Their official statement indicated that their restrictive monetary policy had succeeded in reducing price pressures enough to allow the committee to forecast a return to its annual inflation target of 1% to 3% later this year.

They explained that the decline in domestic inflation and the decline in prices of imported goods contributed to the decline in consumer price levels, and they also noted that employment growth is slowing due to the growing labor force and cautious hiring by companies.

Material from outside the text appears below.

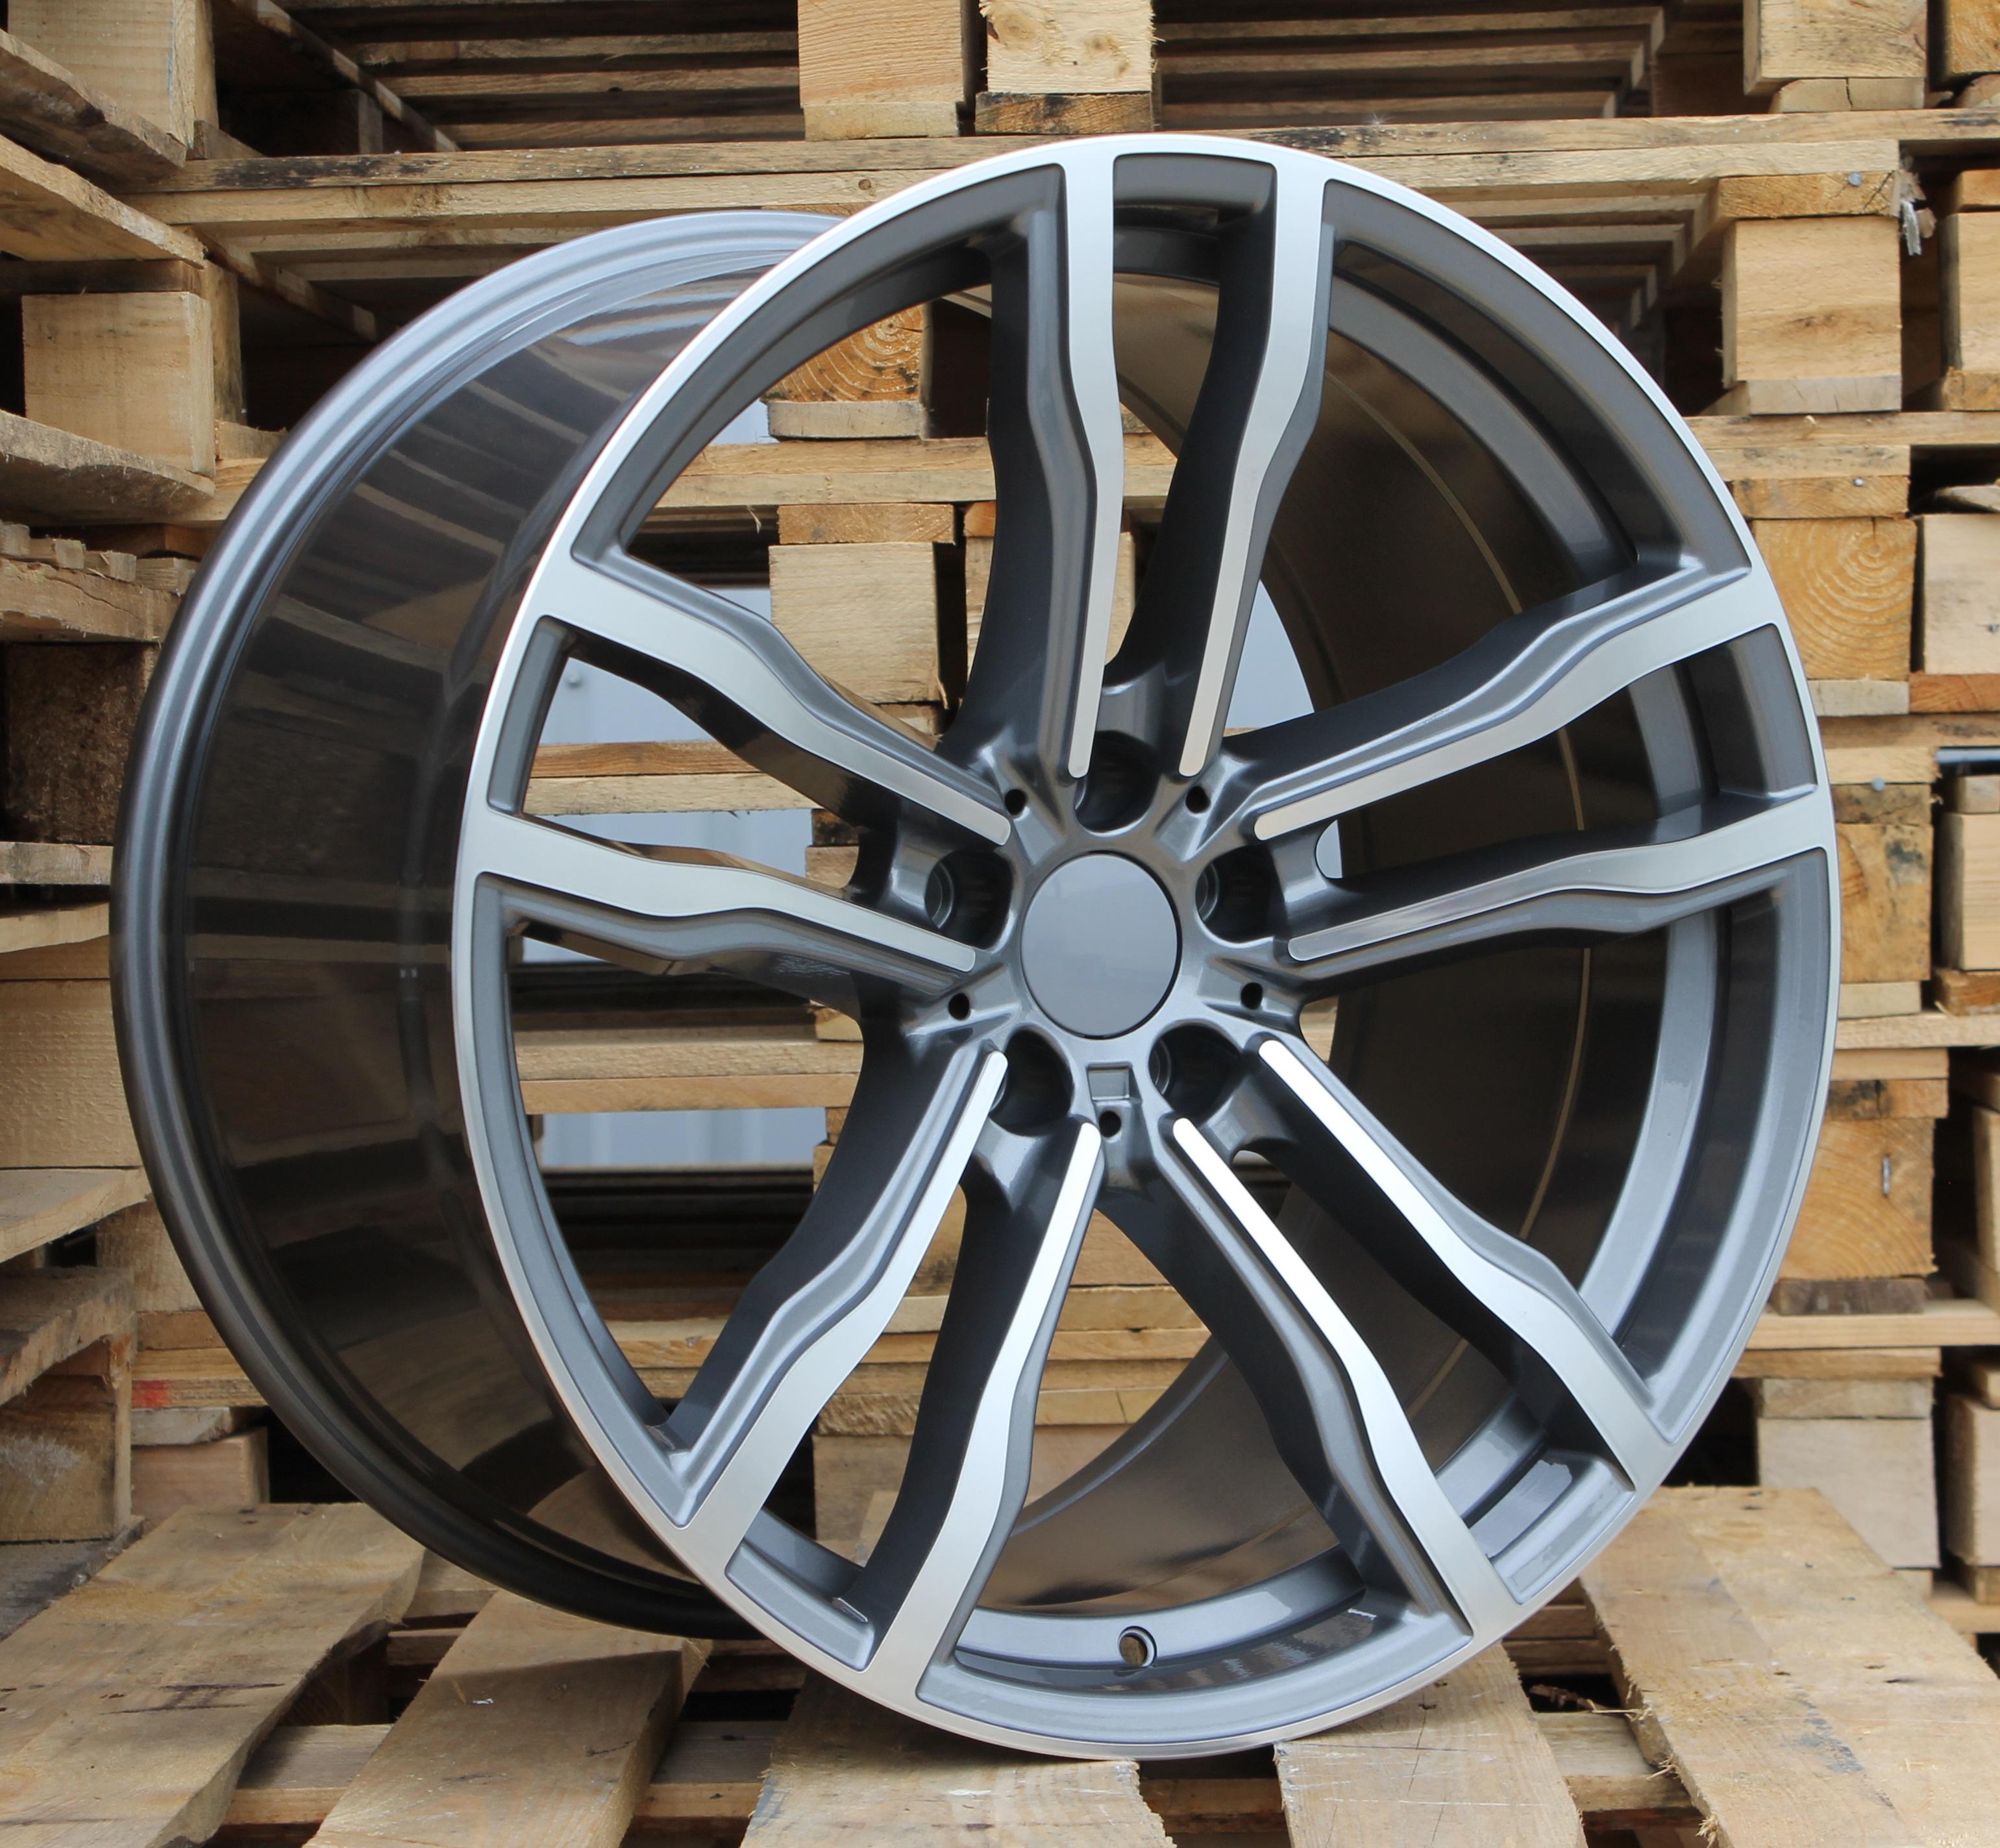 B20X10 5X120 ET40 74.1 BY588 (DLJ588) MG (Rear+Front) RWR BM (K5+P) 10x20 ET40 5x120

Link to the Reserve Bank of New Zealand Monetary Policy Statement for July 2024

A summary of their discussions also revealed that policymakers agreed that policy should remain restrictive but that “the extent of this restriction will diminish over time in line with the expected decline in inflation pressures.”

Market reaction

New Zealand Dollar vs Major Currencies: 5 Minutes

US Dollar Overlay Against Major Currencies Chart by TradingView

The New Zealand dollar was trading cautiously in the hours leading up to the official announcement from the Reserve Bank of New Zealand before falling back against its major peers on the decision to “maintain quantitative easing”.

Although the central bank kept its official interest rate unchanged, traders likely paid more attention to changes in its rhetoric, most of which reflected economic concerns and signaled openness to easing if domestic growth and inflation continued to ease.

The New Zealand dollar continued to fall for nearly an hour after the actual statement, before stabilizing and rising slightly to a consolidation stage until the first half of the Asian trading session.